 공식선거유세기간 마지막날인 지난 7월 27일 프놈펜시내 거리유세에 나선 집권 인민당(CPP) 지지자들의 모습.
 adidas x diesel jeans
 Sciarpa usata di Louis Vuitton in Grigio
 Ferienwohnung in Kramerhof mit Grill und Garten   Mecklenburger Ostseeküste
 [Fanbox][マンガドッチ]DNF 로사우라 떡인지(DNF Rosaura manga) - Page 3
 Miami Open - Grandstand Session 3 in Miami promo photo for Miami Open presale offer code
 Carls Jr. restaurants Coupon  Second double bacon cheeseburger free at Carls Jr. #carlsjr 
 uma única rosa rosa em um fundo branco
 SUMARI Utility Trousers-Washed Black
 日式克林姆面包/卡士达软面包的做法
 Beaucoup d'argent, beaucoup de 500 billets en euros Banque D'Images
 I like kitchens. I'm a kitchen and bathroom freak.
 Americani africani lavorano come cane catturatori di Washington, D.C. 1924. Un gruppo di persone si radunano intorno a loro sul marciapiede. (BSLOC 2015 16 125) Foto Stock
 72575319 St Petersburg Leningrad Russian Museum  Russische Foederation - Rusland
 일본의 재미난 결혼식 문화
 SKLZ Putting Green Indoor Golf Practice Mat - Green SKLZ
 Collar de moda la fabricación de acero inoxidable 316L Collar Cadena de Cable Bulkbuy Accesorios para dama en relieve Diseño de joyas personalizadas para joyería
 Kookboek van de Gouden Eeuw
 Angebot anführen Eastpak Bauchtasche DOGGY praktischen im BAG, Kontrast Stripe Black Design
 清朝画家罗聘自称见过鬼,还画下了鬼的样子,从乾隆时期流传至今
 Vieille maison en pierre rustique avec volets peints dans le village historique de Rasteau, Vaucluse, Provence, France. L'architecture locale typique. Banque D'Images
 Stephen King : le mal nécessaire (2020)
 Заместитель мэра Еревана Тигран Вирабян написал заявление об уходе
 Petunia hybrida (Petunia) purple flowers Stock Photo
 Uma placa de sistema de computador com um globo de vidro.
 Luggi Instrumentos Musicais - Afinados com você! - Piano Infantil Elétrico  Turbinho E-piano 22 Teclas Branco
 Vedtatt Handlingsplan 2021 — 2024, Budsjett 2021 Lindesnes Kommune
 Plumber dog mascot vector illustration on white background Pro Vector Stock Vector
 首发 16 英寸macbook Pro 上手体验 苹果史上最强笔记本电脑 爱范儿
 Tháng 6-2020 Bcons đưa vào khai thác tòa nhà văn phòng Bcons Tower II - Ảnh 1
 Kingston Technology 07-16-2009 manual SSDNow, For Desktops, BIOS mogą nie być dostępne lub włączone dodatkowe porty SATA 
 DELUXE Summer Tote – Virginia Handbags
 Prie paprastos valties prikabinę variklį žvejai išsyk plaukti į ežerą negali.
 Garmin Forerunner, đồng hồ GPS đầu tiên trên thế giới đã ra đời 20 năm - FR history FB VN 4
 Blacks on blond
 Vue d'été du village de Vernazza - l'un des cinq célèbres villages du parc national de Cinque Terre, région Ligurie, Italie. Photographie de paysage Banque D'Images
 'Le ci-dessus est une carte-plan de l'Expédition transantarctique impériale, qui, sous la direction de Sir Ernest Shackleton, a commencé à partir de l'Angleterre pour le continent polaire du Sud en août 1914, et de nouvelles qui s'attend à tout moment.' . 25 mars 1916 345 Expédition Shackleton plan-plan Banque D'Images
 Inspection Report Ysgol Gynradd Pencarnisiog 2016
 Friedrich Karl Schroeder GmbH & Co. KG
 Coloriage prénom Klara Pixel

> [Task brief]:
Without any change, reproduce the data in full.

> [Written response]:
 공식선거유세기간 마지막날인 지난 7월 27일 프놈펜시내 거리유세에 나선 집권 인민당(CPP) 지지자들의 모습.
 adidas x diesel jeans
 Sciarpa usata di Louis Vuitton in Grigio
 Ferienwohnung in Kramerhof mit Grill und Garten   Mecklenburger Ostseeküste
 [Fanbox][マンガドッチ]DNF 로사우라 떡인지(DNF Rosaura manga) - Page 3
 Miami Open - Grandstand Session 3 in Miami promo photo for Miami Open presale offer code
 Carls Jr. restaurants Coupon  Second double bacon cheeseburger free at Carls Jr. #carlsjr 
 uma única rosa rosa em um fundo branco
 SUMARI Utility Trousers-Washed Black
 日式克林姆面包/卡士达软面包的做法
 Beaucoup d'argent, beaucoup de 500 billets en euros Banque D'Images
 I like kitchens. I'm a kitchen and bathroom freak.
 Americani africani lavorano come cane catturatori di Washington, D.C. 1924. Un gruppo di persone si radunano intorno a loro sul marciapiede. (BSLOC 2015 16 125) Foto Stock
 72575319 St Petersburg Leningrad Russian Museum  Russische Foederation - Rusland
 일본의 재미난 결혼식 문화
 SKLZ Putting Green Indoor Golf Practice Mat - Green SKLZ
 Collar de moda la fabricación de acero inoxidable 316L Collar Cadena de Cable Bulkbuy Accesorios para dama en relieve Diseño de joyas personalizadas para joyería
 Kookboek van de Gouden Eeuw
 Angebot anführen Eastpak Bauchtasche DOGGY praktischen im BAG, Kontrast Stripe Black Design
 清朝画家罗聘自称见过鬼,还画下了鬼的样子,从乾隆时期流传至今
 Vieille maison en pierre rustique avec volets peints dans le village historique de Rasteau, Vaucluse, Provence, France. L'architecture locale typique. Banque D'Images
 Stephen King : le mal nécessaire (2020)
 Заместитель мэра Еревана Тигран Вирабян написал заявление об уходе
 Petunia hybrida (Petunia) purple flowers Stock Photo
 Uma placa de sistema de computador com um globo de vidro.
 Luggi Instrumentos Musicais - Afinados com você! - Piano Infantil Elétrico  Turbinho E-piano 22 Teclas Branco
 Vedtatt Handlingsplan 2021 — 2024, Budsjett 2021 Lindesnes Kommune
 Plumber dog mascot vector illustration on white background Pro Vector Stock Vector
 首发 16 英寸macbook Pro 上手体验 苹果史上最强笔记本电脑 爱范儿
 Tháng 6-2020 Bcons đưa vào khai thác tòa nhà văn phòng Bcons Tower II - Ảnh 1
 Kingston Technology 07-16-2009 manual SSDNow, For Desktops, BIOS mogą nie być dostępne lub włączone dodatkowe porty SATA 
 DELUXE Summer Tote – Virginia Handbags
 Prie paprastos valties prikabinę variklį žvejai išsyk plaukti į ežerą negali.
 Garmin Forerunner, đồng hồ GPS đầu tiên trên thế giới đã ra đời 20 năm - FR history FB VN 4
 Blacks on blond
 Vue d'été du village de Vernazza - l'un des cinq célèbres villages du parc national de Cinque Terre, région Ligurie, Italie. Photographie de paysage Banque D'Images
 'Le ci-dessus est une carte-plan de l'Expédition transantarctique impériale, qui, sous la direction de Sir Ernest Shackleton, a commencé à partir de l'Angleterre pour le continent polaire du Sud en août 1914, et de nouvelles qui s'attend à tout moment.' . 25 mars 1916 345 Expédition Shackleton plan-plan Banque D'Images
 Inspection Report Ysgol Gynradd Pencarnisiog 2016
 Friedrich Karl Schroeder GmbH & Co. KG
 Coloriage prénom Klara Pixel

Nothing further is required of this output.